- **Available data**:

┏━━

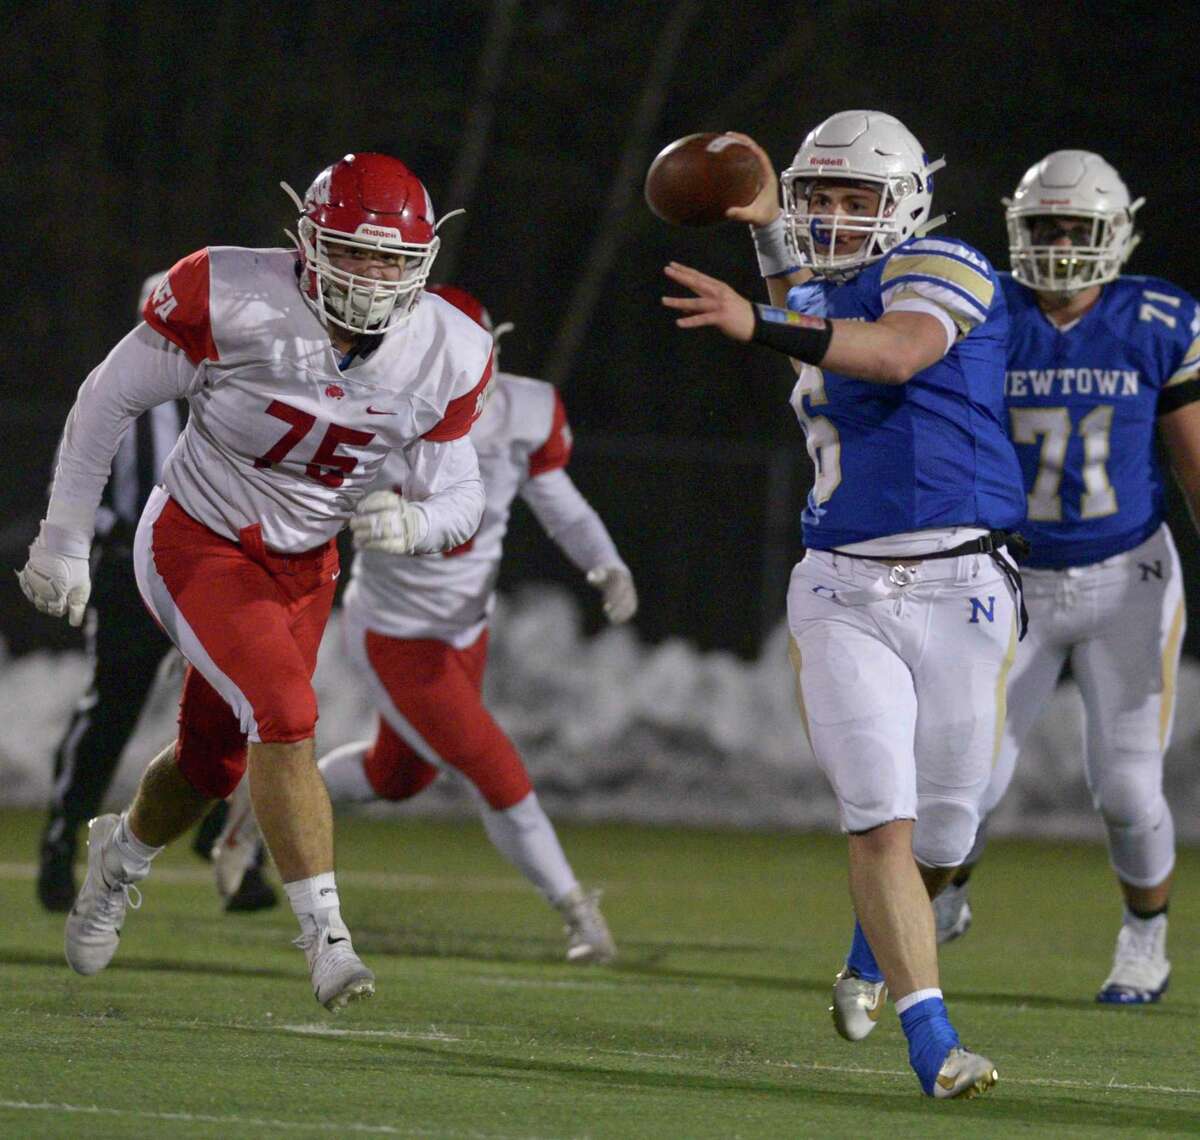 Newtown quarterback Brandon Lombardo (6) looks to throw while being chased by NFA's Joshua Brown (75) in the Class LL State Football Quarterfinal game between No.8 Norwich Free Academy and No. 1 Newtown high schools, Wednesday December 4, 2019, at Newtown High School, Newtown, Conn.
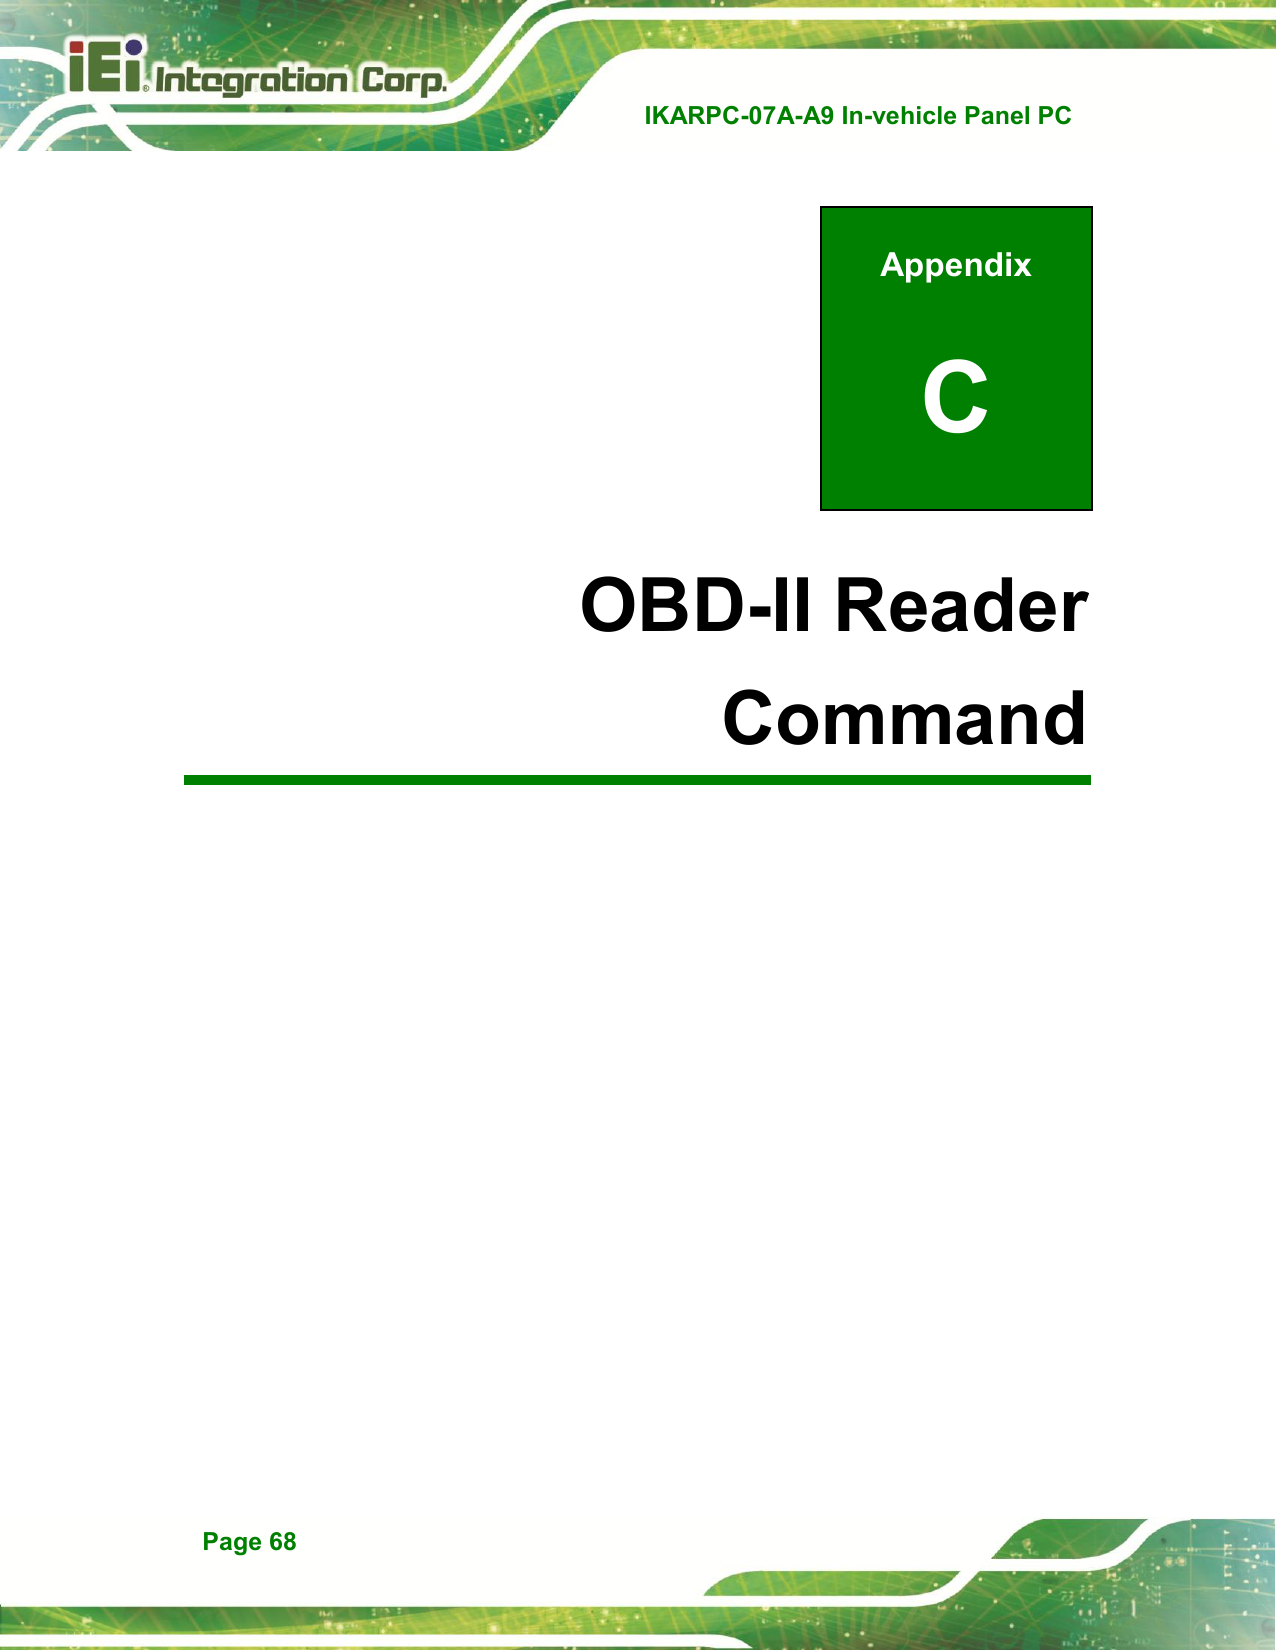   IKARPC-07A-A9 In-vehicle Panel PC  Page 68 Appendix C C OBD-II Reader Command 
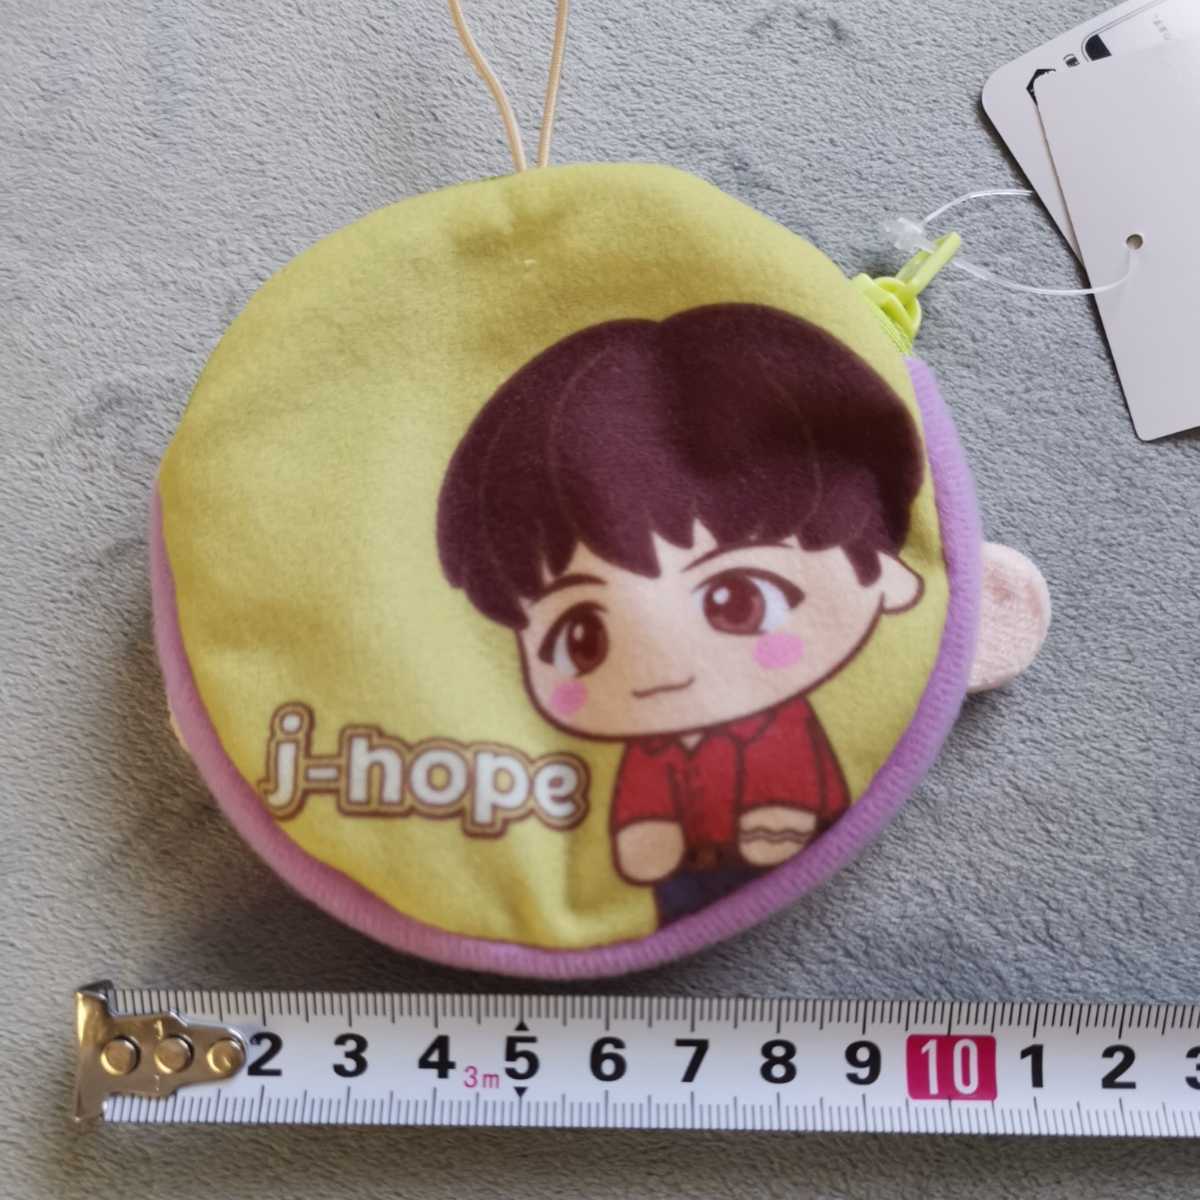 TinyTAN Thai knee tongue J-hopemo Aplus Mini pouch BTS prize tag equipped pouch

┗━━

- **About this task**:
All of the data is to be reproduced exactly, with the pictures left out.

- **Exercise solution**:
 Newtown quarterback Brandon Lombardo (6) looks to throw while being chased by NFA's Joshua Brown (75) in the Class LL State Football Quarterfinal game between No.8 Norwich Free Academy and No. 1 Newtown high schools, Wednesday December 4, 2019, at Newtown High School, Newtown, Conn.
   IKARPC-07A-A9 In-vehicle Panel PC  Page 68 Appendix C C OBD-II Reader Command 
 TinyTAN Thai knee tongue J-hopemo Aplus Mini pouch BTS prize tag equipped pouch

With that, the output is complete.